Incumbe a quien recurre ejercer la defensa de sus intereses cumpliendo los requisitos exigidos al efecto en la normativa procesal de aplicación ( Arts. 216 de la LEC y 190.2 de la LJS). Ofrecer las razones de la disconformidad con la sentencia de instancia no equivale ni alcanza a suplir suficientemente las razones jurídicas a que dicha disconformidad responde, pues su examen supondría entrar a construir el recurso, incumpliendo nuestra posición de imparcialidad y dotando a sus afirmaciones del oportuno soporte normativo o jurisprudencial para encajar su correspondiente argumentación a fin de censurar aquélla jurídicamente.
Procede por tanto la estimación solo en parte del recurso, esto es, acogiendo el complemento por mínimos a proporción del tiempo de convivencia, si bien por las razones expuestas la cuantía del mismo solo puede ser la que la sentencia de instancia refleja por importe mensual de 183,06 euros en atención al tiempo de convivencia.
QUINTO.-Tanto la condición de la entidad recurrente como la estimación parcial del recurso impiden de conformidad con lo previsto en el artículo 235.1 de la LJS la condena en costas que la parte recurrida solicita en el escrito de impugnación.
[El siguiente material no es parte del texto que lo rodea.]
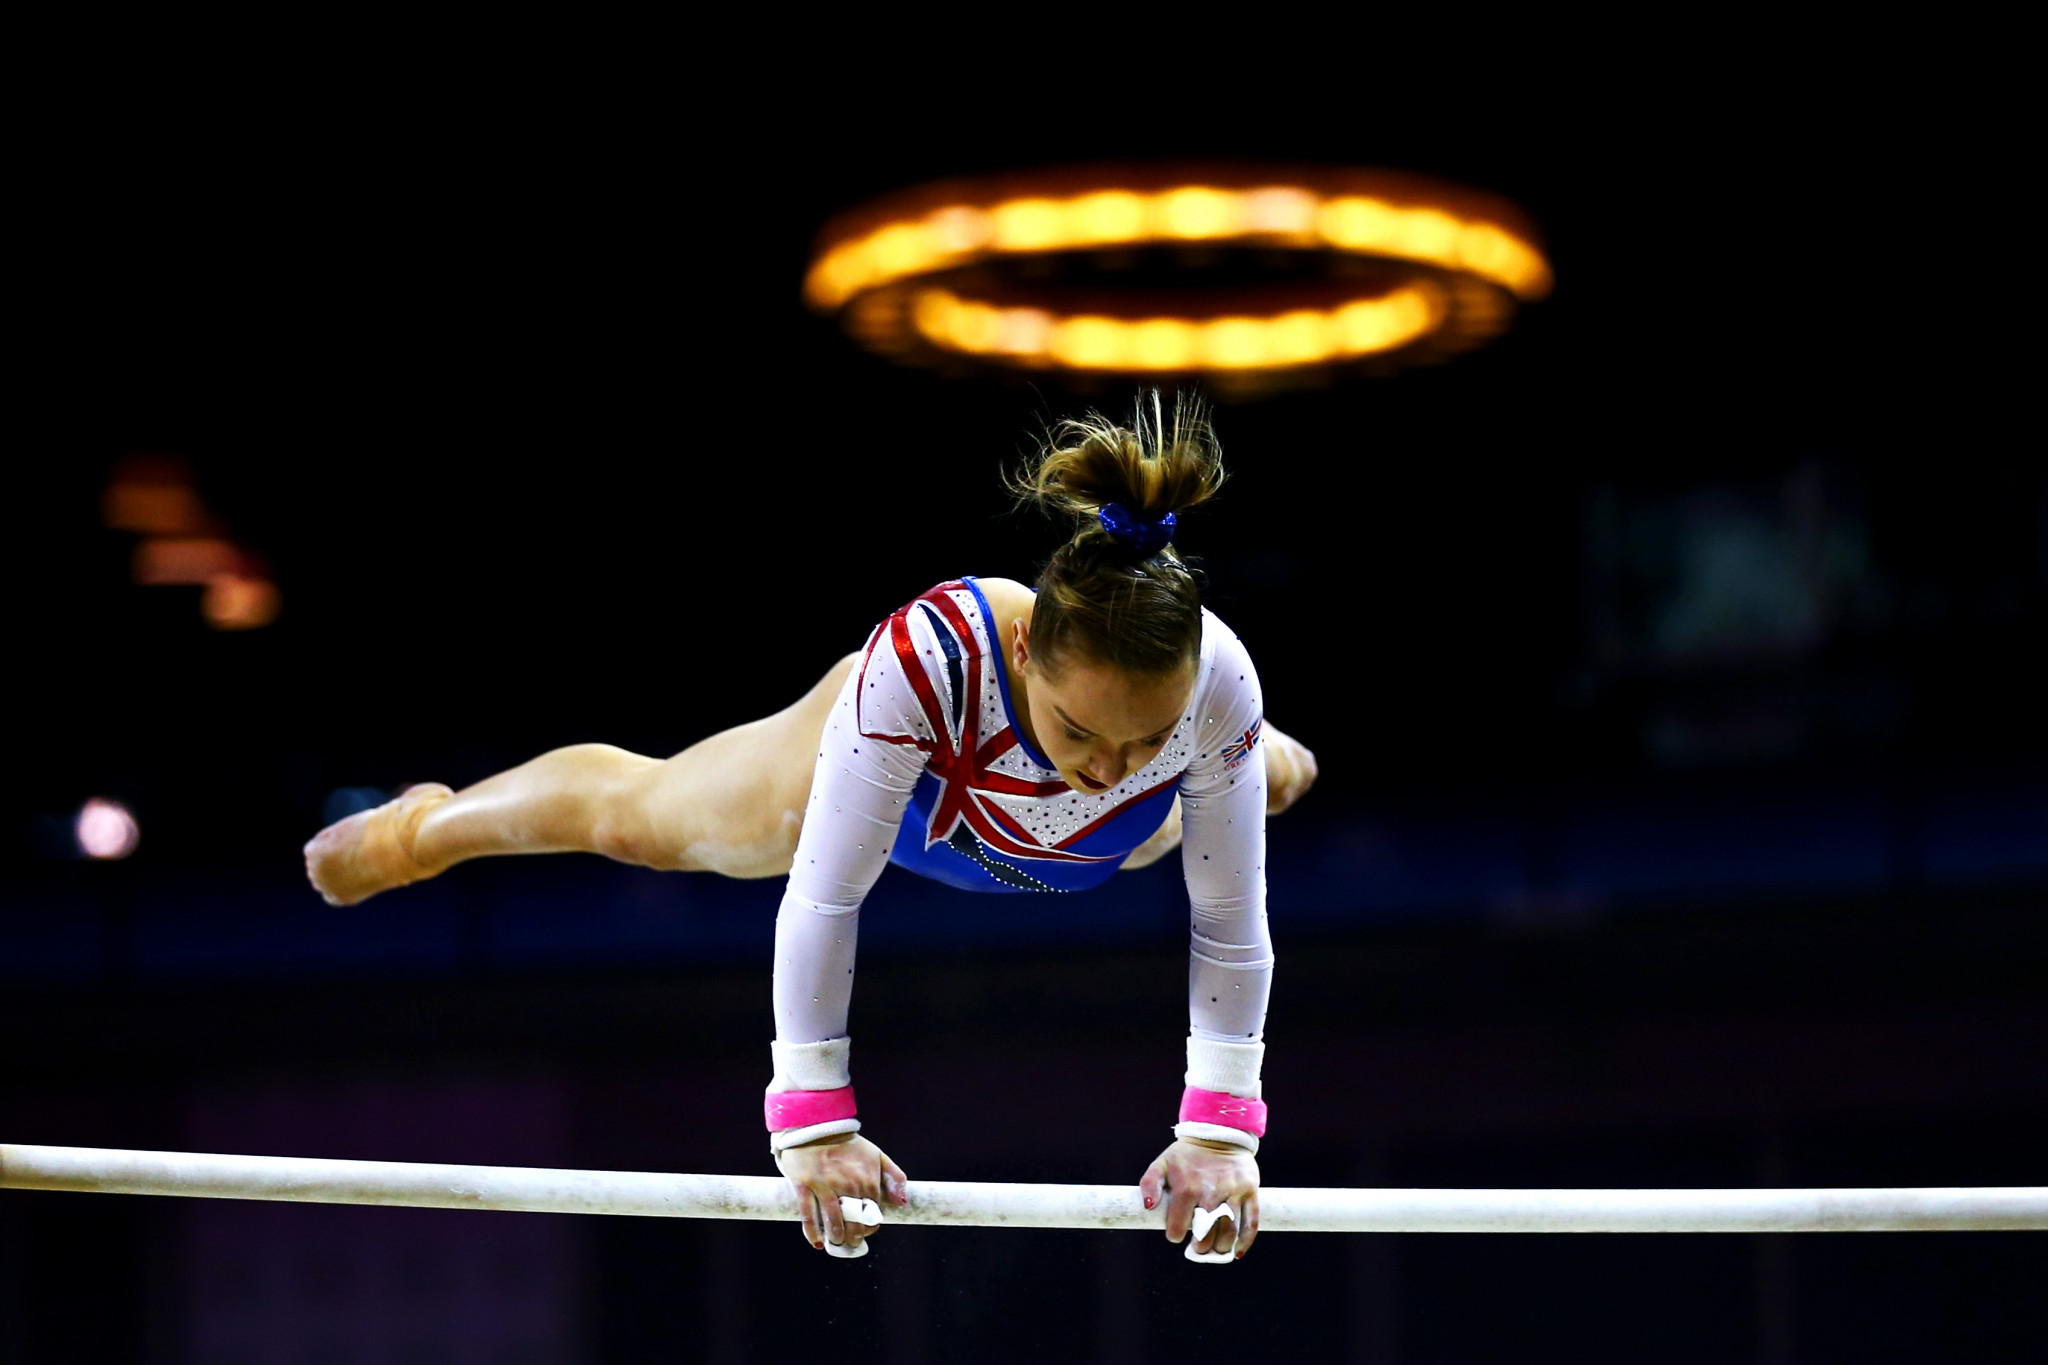 Tinkler claims she would "give up" Olympic medal to change gymnastics experience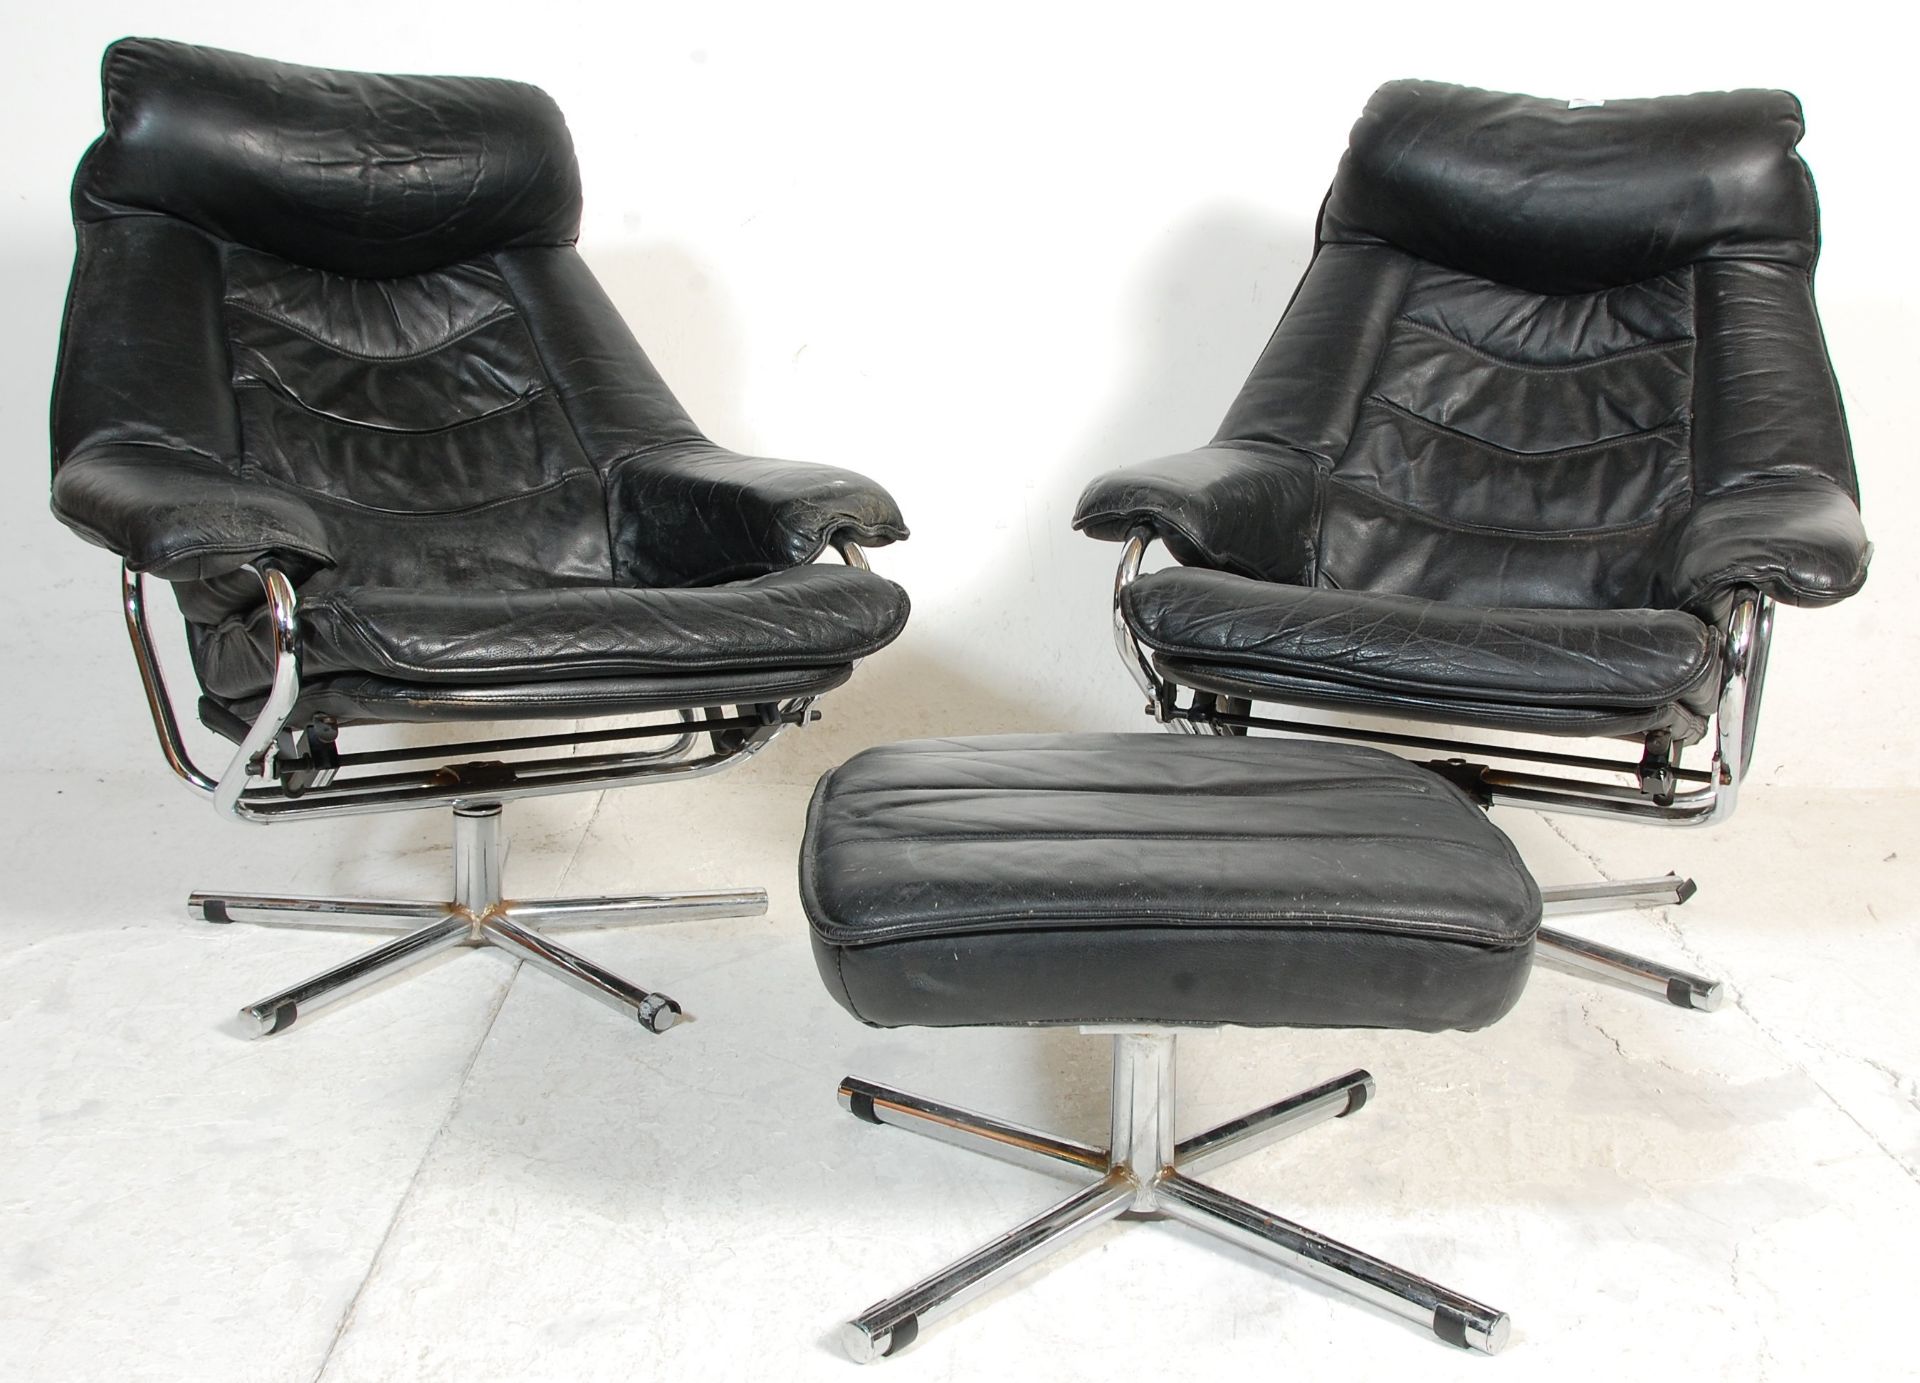 A pair of vintage retro 1970's Swedish black leather arm / lounge chairs, each raised on chrome

VISTOSlos anteriores preceptos y los demás de general aplicación,
Fallo
Estimando en parte el recurso de suplicación interpuesto por el Letrado de la Seguridad Social en nombre y representación del INSTITUTO NACIONAL DE LA SEGURIDAD SOCIAL frente a la sentencia dictada en fecha 22 de octubre de 2021 por el Juzgado de lo Social número 3 de Gijón en el procedimiento número 155/2021 seguido a instancia de D.ª Araceli frente a dicha parte y a la TESORERÍA GENERAL DE LA SEGURIDAD SOCIAL, debemos revocar y revocamos en parte la sentencia de instancia en el único sentido de declarar que el derecho de la actora a percibir el complemento por mínimos en su pensión de viudedad es en la cuantía mensual de 183,06 euros en atención al tiempo de convivencia, manteniendo los restantes pronunciamientos de instancia.
Medios de impugnación
Se advierte a las partes que contra esta sentencia cabe interponer recurso de casación para la unificación de doctrina, que habrá de prepararse mediante escrito suscrito por letrado, presentándolo en esta Sala de lo Social dentro del improrrogable plazo de los diez días hábiles siguientes a la fecha de notificación de la misma en los términos de los artículos 221, 230.3 de la LRJS, y con los apercibimientoscontenidos en esto y en los artículos 230.4, 5 y 6 de la misma Ley.
Pásense las actuaciones a la Sra. Letrada de la Administración de Justicia para cumplir los deberes de publicidad, notificación y registro de la Sentencia.
Así, por esta nuestra Sentencia, definitivamente juzgando, lo pronunciamos, mandamos y firmamos.